В своих произведениях Зингер много раз подтверждал способность религии поддерживать самосознание человека, общину и традицию, но писал также и об ее слабых местах — опасности догматизма и развращенности. Он умело орудовал литературными приемами и религиозными познаниями, при этом не открывая во всей полноте свои личные убеждения и всегда уделяя особое внимание борьбе человеческой природы с человеческим духом. К образу жизни соблюдающего еврея он так и не вернулся, но его деятельность на практике как писателя и его идишкайт вели беспрерывный диалог. Кое‑каким критикам виделось некоторое лицемерие в этой позиции, поскольку из нее вытекало, что Зингер одобряет поведение, ему несвойственное. Однако она также служила непростой задаче навести мосты между двумя парадигмами (старозаветной ортодоксией и новейшей современностью), частенько конфликтовавшими при жизни Зингера (а прожил он долго). Своим читателям — евреям и неевреям — он предлагал миросозерцание старого света с его ценностями и верованиями наряду с современным сознанием, острым чувством тщетности и абсурдности существования; в результате получался гибрид — ортодоксально‑экзистенциалистская нравственная позиция, которая могла бы помочь наполнить смыслом вашу жизнь в современном мире.

* * *

Ход мысли Зингера являл себя в литературных образах и композиционных структурах его прозы. По его критическим статьям (в большинстве своем малоизученным) видно, что автор десятки лет целенаправленно развивал свои писательские способности и строил свою карьеру, продумывая и выверяя чуть ли не каждый свой шаг в литературе, — а затем изображал, будто делает все это так же естественно, как дышит. Зингер, казалось, оправдывал ожидания, налагаемые жанрами, но одновременно раздвигал границы этих жанров — предлагал читателям знакомую упаковку, но перемешивая все внутренние элементы, создавал впечатляющие новые формы. Многие исследователи описывали, как он использовал другие формы повествования — истории из «Майсе‑бух»  (Астрид Старк‑Адлер), рассказы рабби Нахмана (Дэвид Роскис), журналистский репортаж (Дэвид Нил Миллер), — экспериментируя с новыми сочетаниями тем и композиционных структур. Однако в результате получился не просто доныне незнаемый подход к литературе, а нечто большее. Это слияние форм дало начало уникальному мировосприятию, оспорившему общепринятые представления о прошлом и настоящем, религиозном и секулярном, традиции и прогрессе. Оно заставило всех участников диалога усомниться в обоснованности их умозаключений.

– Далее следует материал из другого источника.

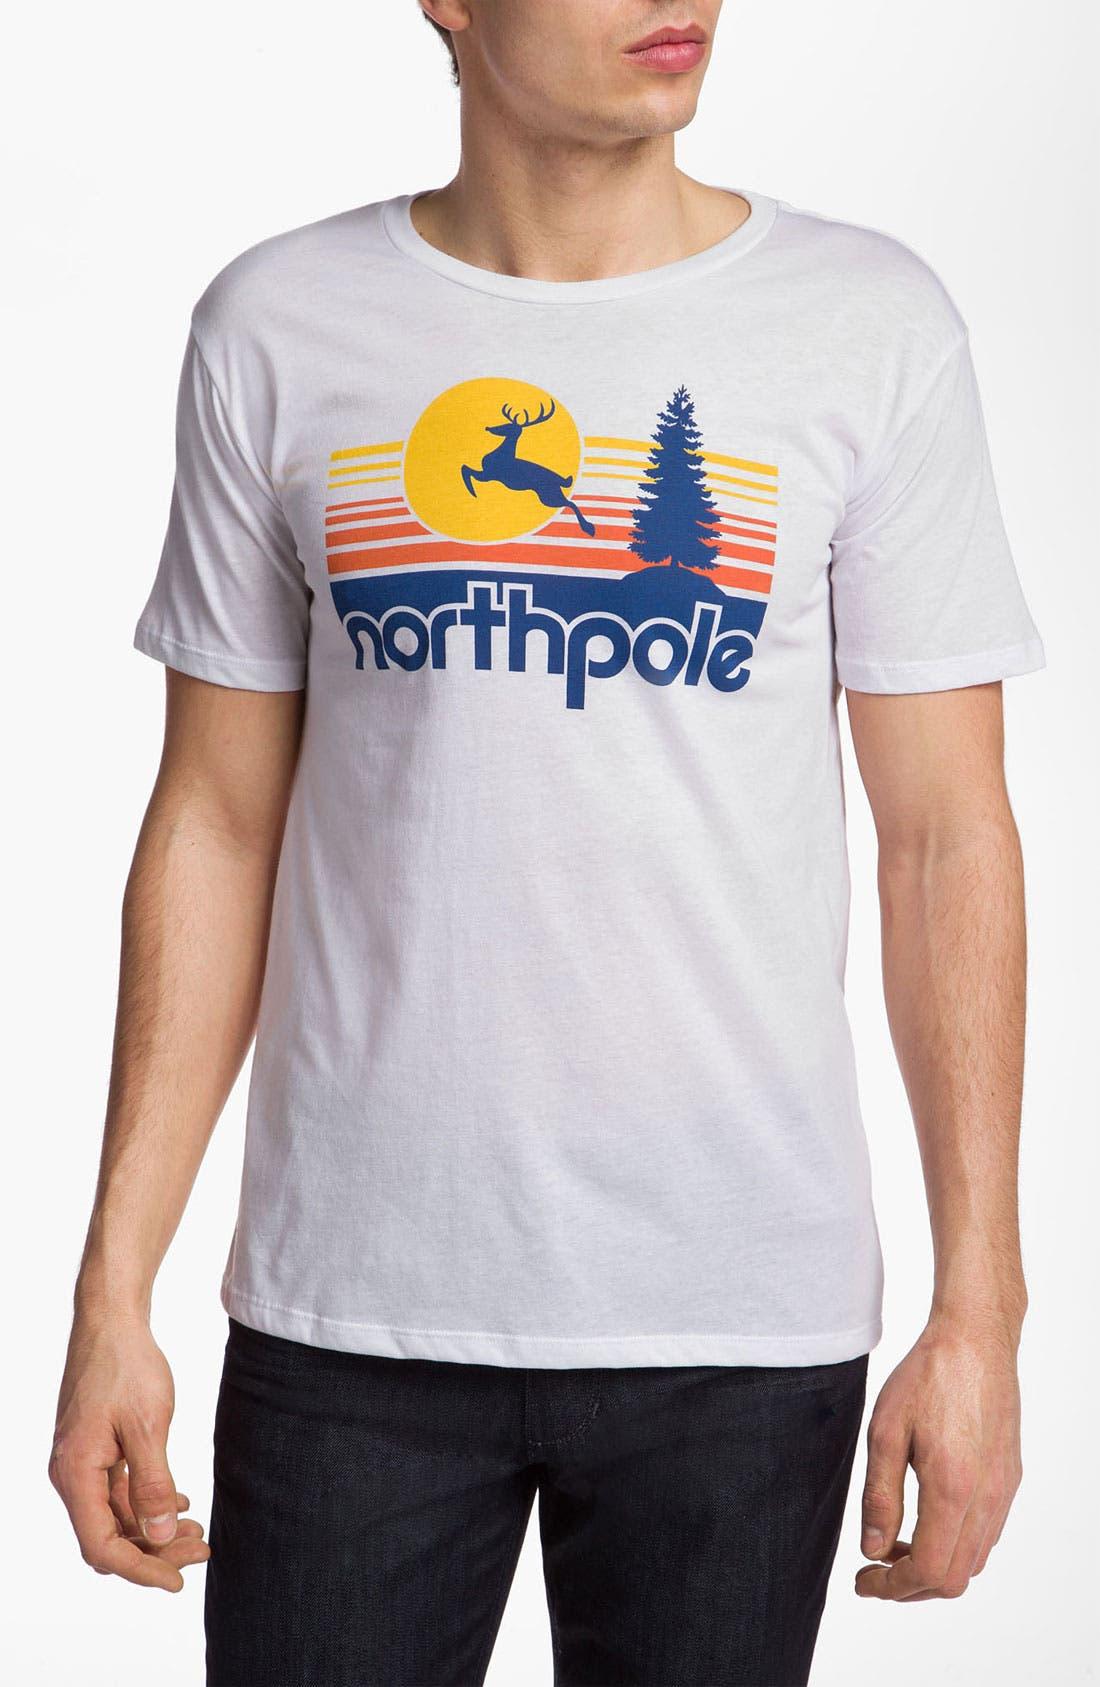 Alternate Image 1 Selected - Headline Shirts 'North Pole Vacation' T-Shirt
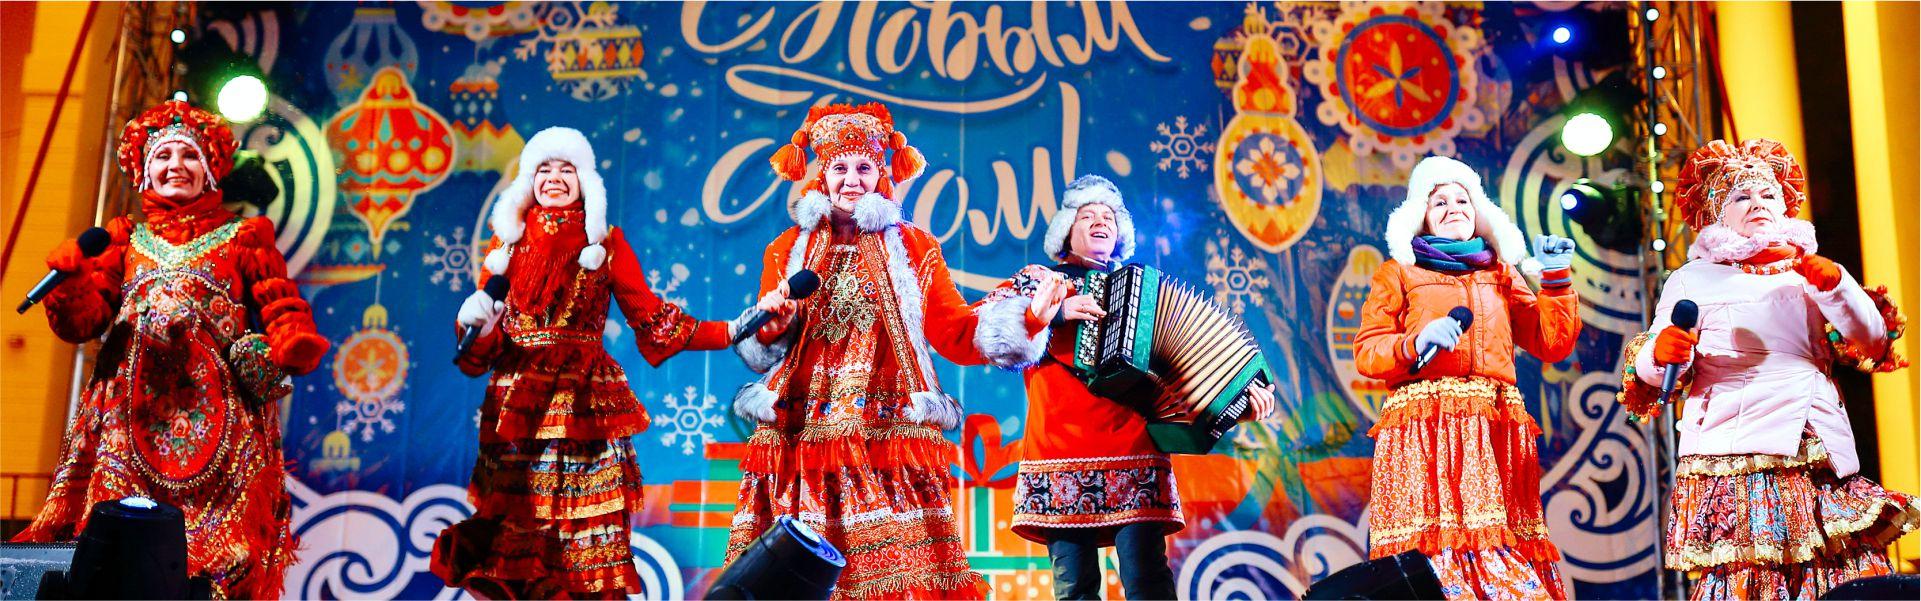 Купить билет онлайн на новый год Чебоксары на AfishaCheboksary.ru

Возьмем, к примеру, «Разрушение Крешева» (1943): эта повесть начинается как история о любви в штетле, которая должна показать, что ученость ценнее богатства. Но вскоре она начинает обличать опасность умствований, а завершается мотивами на манер Достоевского, переложенными на идиш и перенесенными в еврейский контекст: преступление (хет) и наказание (штроф), раскаяние (тшуве), признание (мойде и мисваде) и искупление грехов (сигеф). Зингер даже включает сюда совращение молодой девушки и ее самоубийство (она повесилась), позаимствованные прямо из запрещенной цензурой главы «Бесов» Достоевского. Современное сознание повстречалось с еврейским миросозерцанием, и в результате мы имеем разрушение (хурбн). Зингер переносит формы и язык одной литературы в другую литературу, и в результате возникают и экстаз, и чувство неустроенности. Но также Зингер расширяет границы еврейства, внося в привычный контекст иностранные формы и помогая еврейской мысли выйти в современный мир. Однако то, что мы видим в финале, по‑прежнему твердо предопределено иудаизмом. Дело обстоит совсем не так, как в случае Раскольникова, — здесь ни наказание, ни страдания не приводят к искуплению грехов, и вот как завершается рассказ: отец, хоть и потерял дочь, погубленную развратом, признает, что наш мир — мир Б‑жий, а сам — он же еврей — не должен отступать от слова Б‑жьего согласно Торе и тому, что люди блюдут из рода в род. Современные демоны занесли свою заразу в мир былого, но образ веры остается образом традиции.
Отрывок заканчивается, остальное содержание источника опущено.